They named their poison, in the parlance of the neighbourhood, and stood to their glasses like so many valiant gunners. Longstreet, big enough in his views of humanity, to look upon them as so many boyish souls, beamed. Then he noted that they seemed to be waiting for something, wondered what it might be, glanced over his shoulder, looked back at them and understood. They were waiting for him. So he said hastily, and in their own phrase:
‘Same thing.’
Which, of course, brought down to his place on the bar a small glass and a large bottle. He had never done a thing like this in all the calm days of his existence, but now the deed came naturally enough. He poured his glass and even echoed the other remarks of ‘Here’s how.’ When the fiery liquor arrived in his stomachical regions he realized with perfect clarity that it was without doubt some newly invented substitute for whisky; perhaps that jackass-brandy which he had heard of. His emotion was twofold: he was glad that Helen was at the hotel and he was determined not to repeat the dose.
‘That’s the goods,’ said Longstreet jocularly, trying to smack his lips.
Barbee led the way to the nearest table and out of the nowhere brought into the here a deck of cards. Longstreet was on the verge of applauding when he noted that every one else accepted the act as a matter of fact, and subsided into himself and into a chair at the same moment.
‘Who’ll make it four-cornered?’ demanded Barbee. ‘Short, but lively while she lasts. Little old game, name of stud horse?’
Two of the Mexicans, having hesitated and then looked to Barbee, came forward and deposited themselves carelessly in the two chairs. Barbee shuffled, cut, shuffled again and put the cards down.
‘Cut for deal,’ he ordered.
When each of the other men had leaned forward and lifted a sheaf of cards, Longstreet divided the remainder. The deal went to Barbee. And what is more, Longstreet understood why; Barbee showed the highest card, a king. Longstreet straightened in his chair and his interest grew; he went over in mind what he had learned at the ranch. A pair beats a stiff, two pair beat a pair, threes beat two pair and so on. It was simplicity itself and here was he, Professor Edward Longstreet, measuring his judgment against that of Mexican Mendoza, Mexican Chavez and Yellow Barbee, cowpuncher. Ready from the flip of the first card to concede that these gentlemen had had a rather wider experience with card-playing, none the less he realized the superiority of his mentality, his greater intellectual training, and fully expected something more than just an ‘even break.’ He concealed the faces of his cards cannily and gave his scholarly brain entirely to a pleasant task in mathematics.

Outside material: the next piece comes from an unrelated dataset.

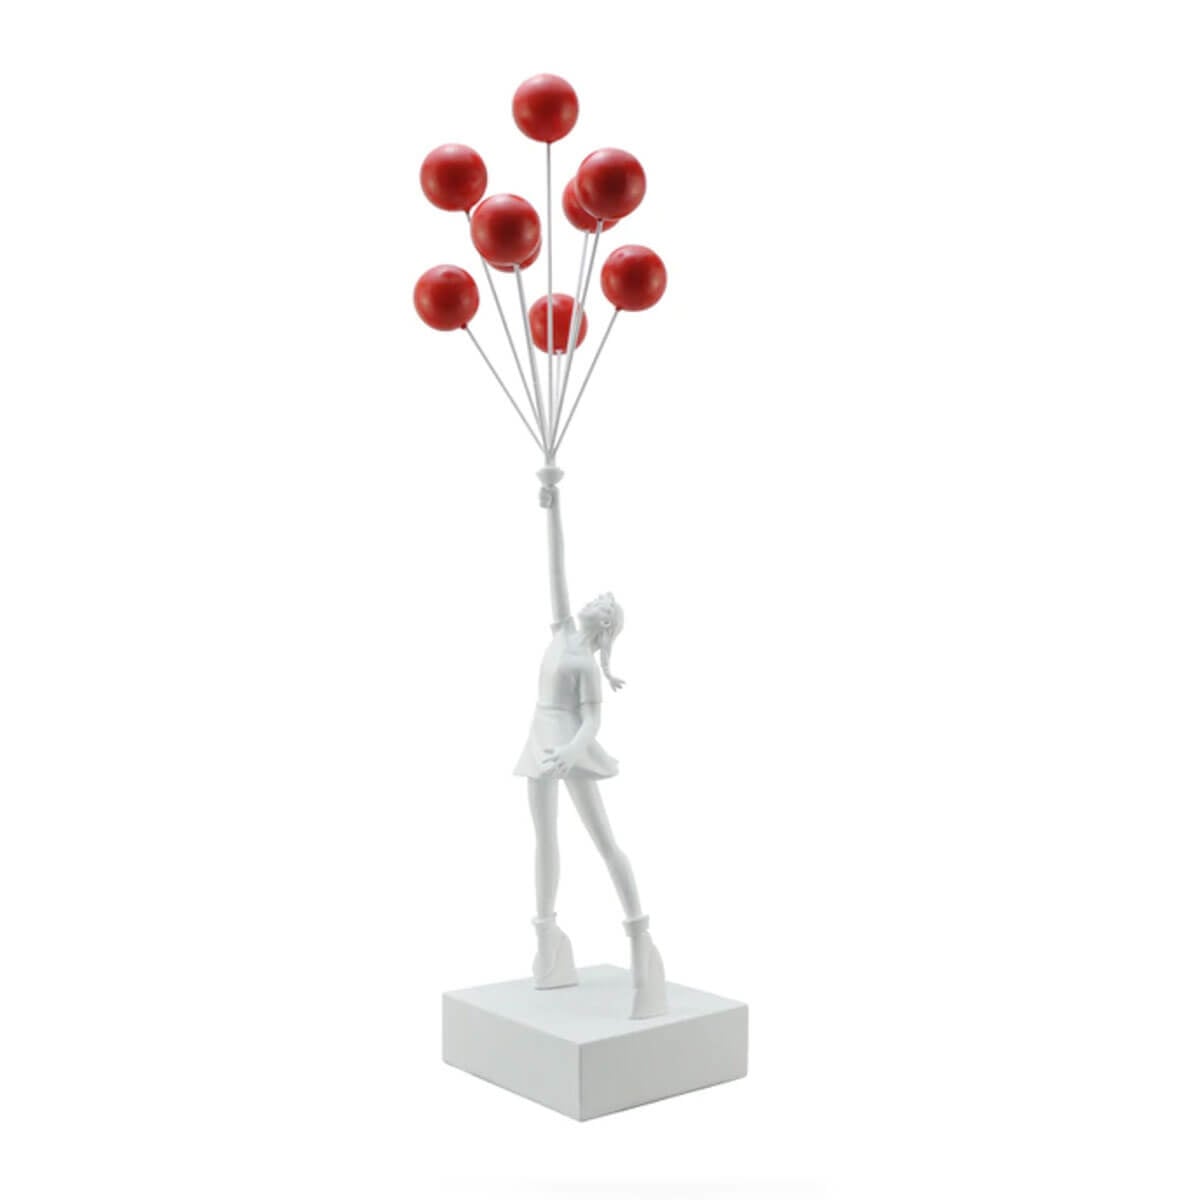 Flying Balloon Girl Banksy Sculpture - White Red

Through many years of training he was familiar with abstruse problems; hence it may be forgiven him, if, at first blush, this form of poker appeared simplicity itself. He reasoned thus: There were fifty-two cards in the full deck; there were exactly four, neither more nor less, of each ace, deuce, trey and so forth until one got to the king; there were, also, just four men drawing cards; each man, if he played his hand out, could draw five cards. All of this was data; it seemed as though he had x and y given and was merely to find z. His eye, as the game began, registered zest.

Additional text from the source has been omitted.